Ann Keen: The extension of the breast screening programme age range will start from April 2008 and will be managed by National Health Service cancer screening programmes in partnership with local health services.
As with the previous age extension, increasing the upper age range limit to 70 years, this will take several years to implement fully, as more staff will need to be recruited and trained and more equipment purchased. Full implementation is expected by the end of 2012.
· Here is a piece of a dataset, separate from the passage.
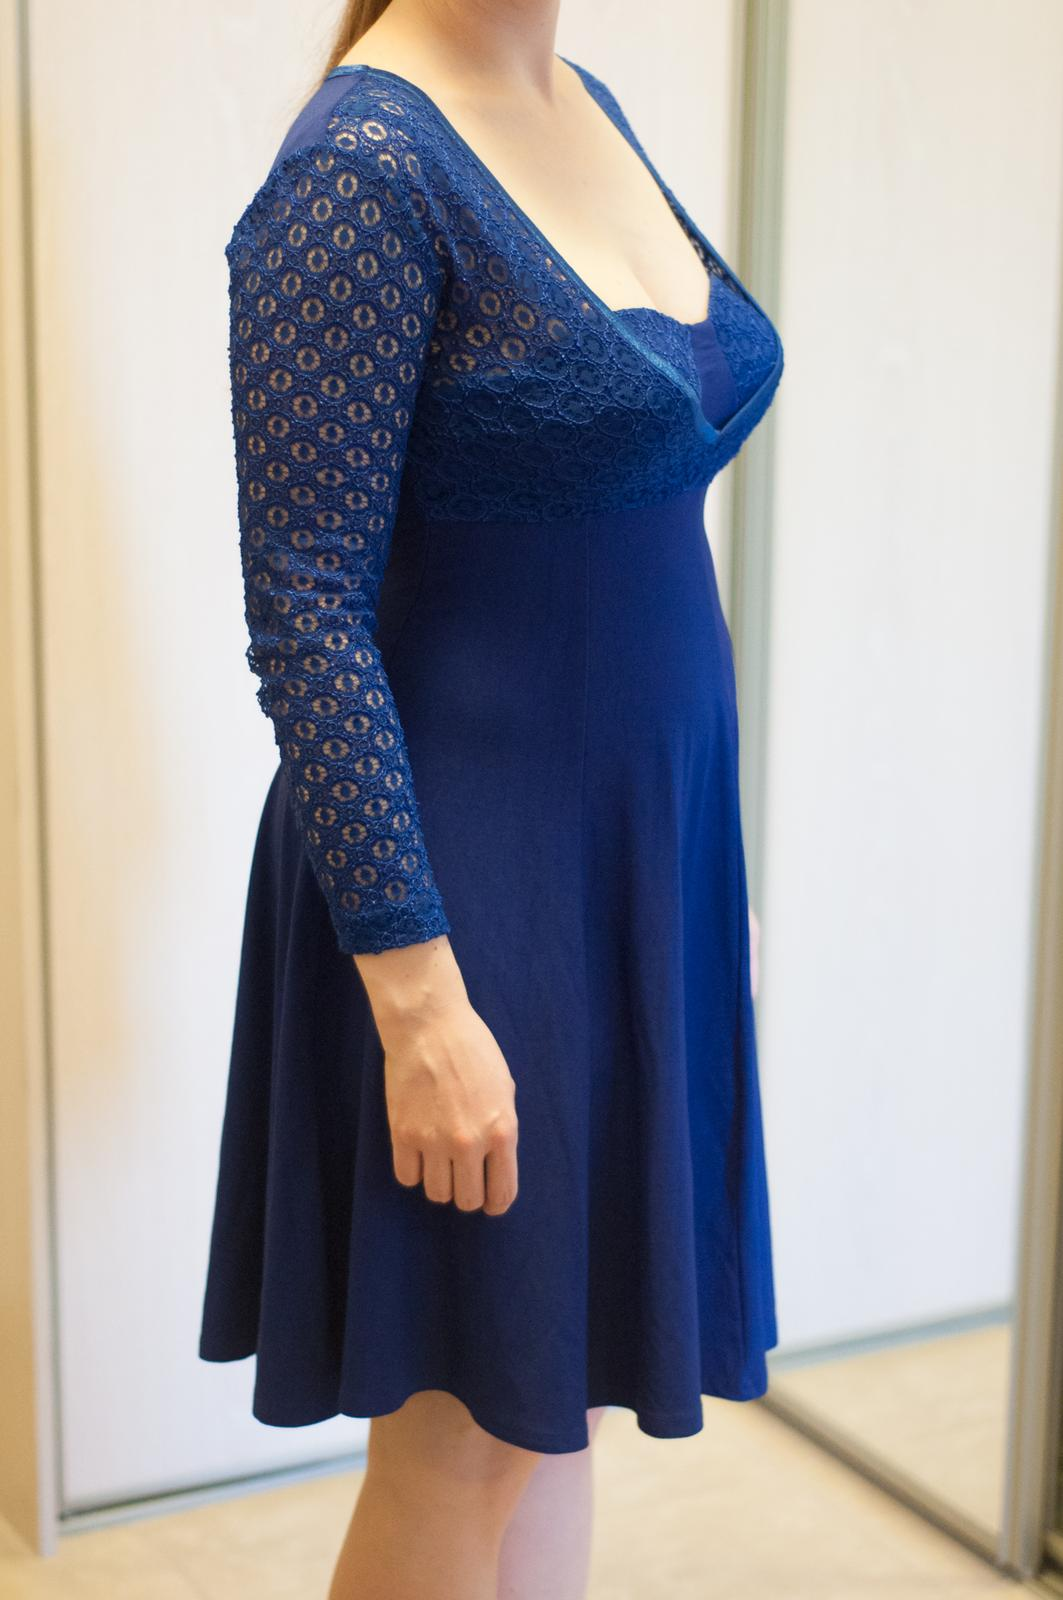 Tmavomodré elastické šaty s čipkou - Obrázok č. 2

The necessary phasing in of this expansion will be carefully considered to ensure that the most useful epidemiological data can be gathered to inform future decisions about the breast screening programme.
Ann Keen: In March 2002 the International Agency for Research on Cancer (IARC) of the World Health Organisation (WHO) evaluated the evidence on breast cancer screening. They concluded that trials have provided sufficient evidence for the screening of women between 50 and 69 years, and that the reduction in mortality from breast cancer among women who chose to participate in screening programmes was estimated to be about 35 per cent. The IARC working group consisted of 24 experts from 11 countries.
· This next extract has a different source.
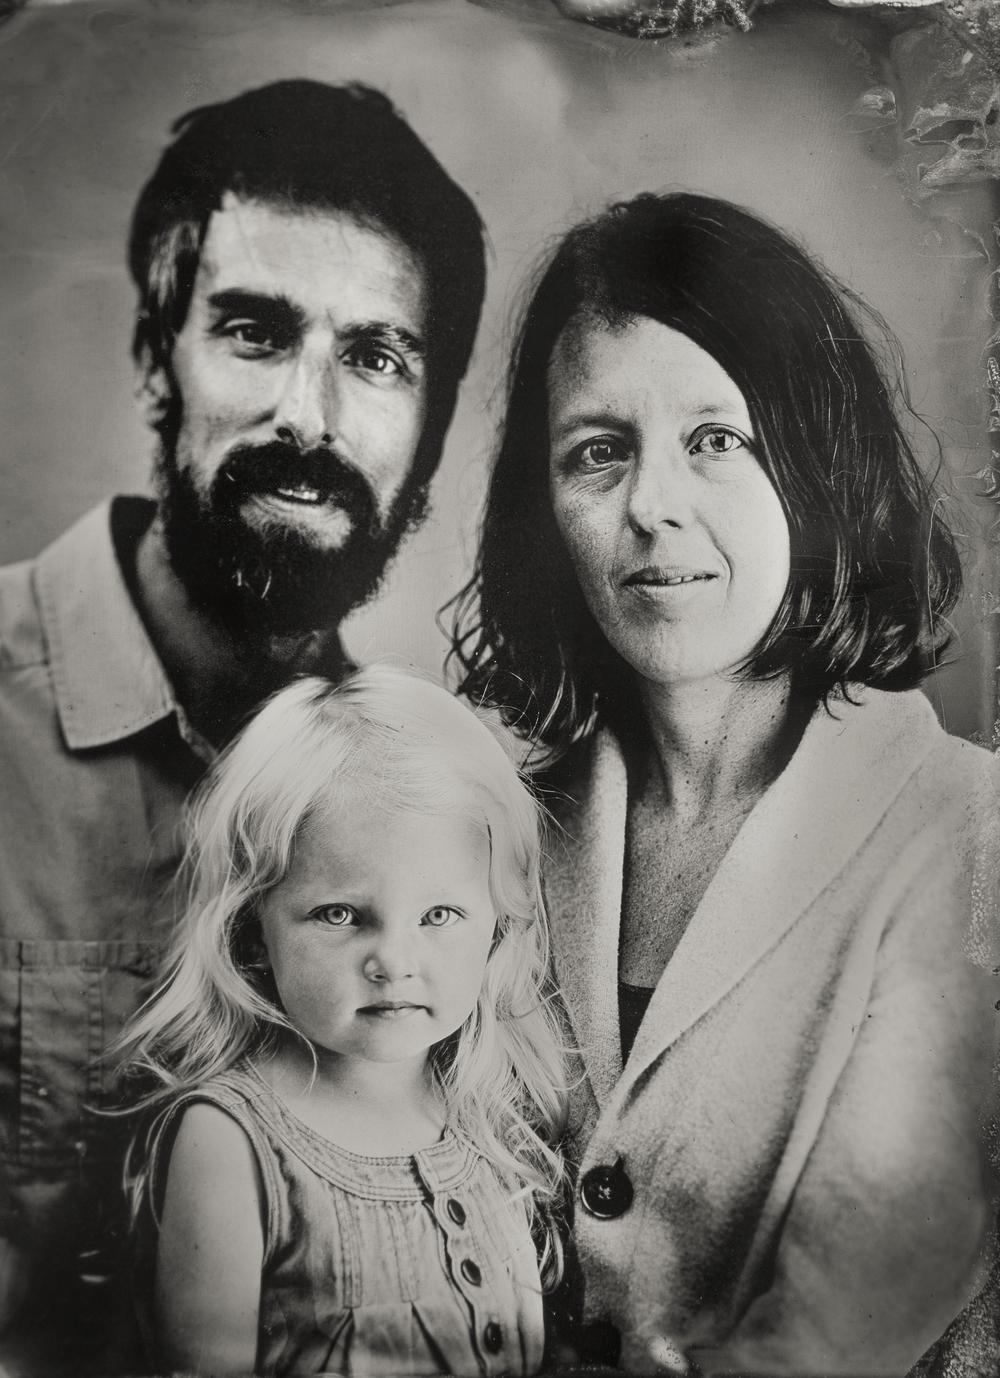 Mansfield Family, 2015 by Kari Orvik

We now want to extend the breast screening programme so that more women benefit and even more lives are saved. At present women are invited for screening seven times at three yearly intervals between
50 and 70. Over time, this will be extended to nine screening rounds between 47 and 73 years with a guarantee that women will have their first screening invitation before the age of 50.
This extension was recommended by the Cancer Reform Strategy (CRS) Breast Cancer Working Group, who carefully examined the emerging evidence on extending the programme below and above the current age ranges, and the recommendation was accepted by the CRS Advisory Board.
For bowel screening research undertaken in Nottingham and Funen in the 1980s showed that screening men and women aged 45 to 74 for bowel cancer using the faecal occult blood test (FOBt) could reduce the mortality rate from bowel cancer by 16 per cent. in those screened.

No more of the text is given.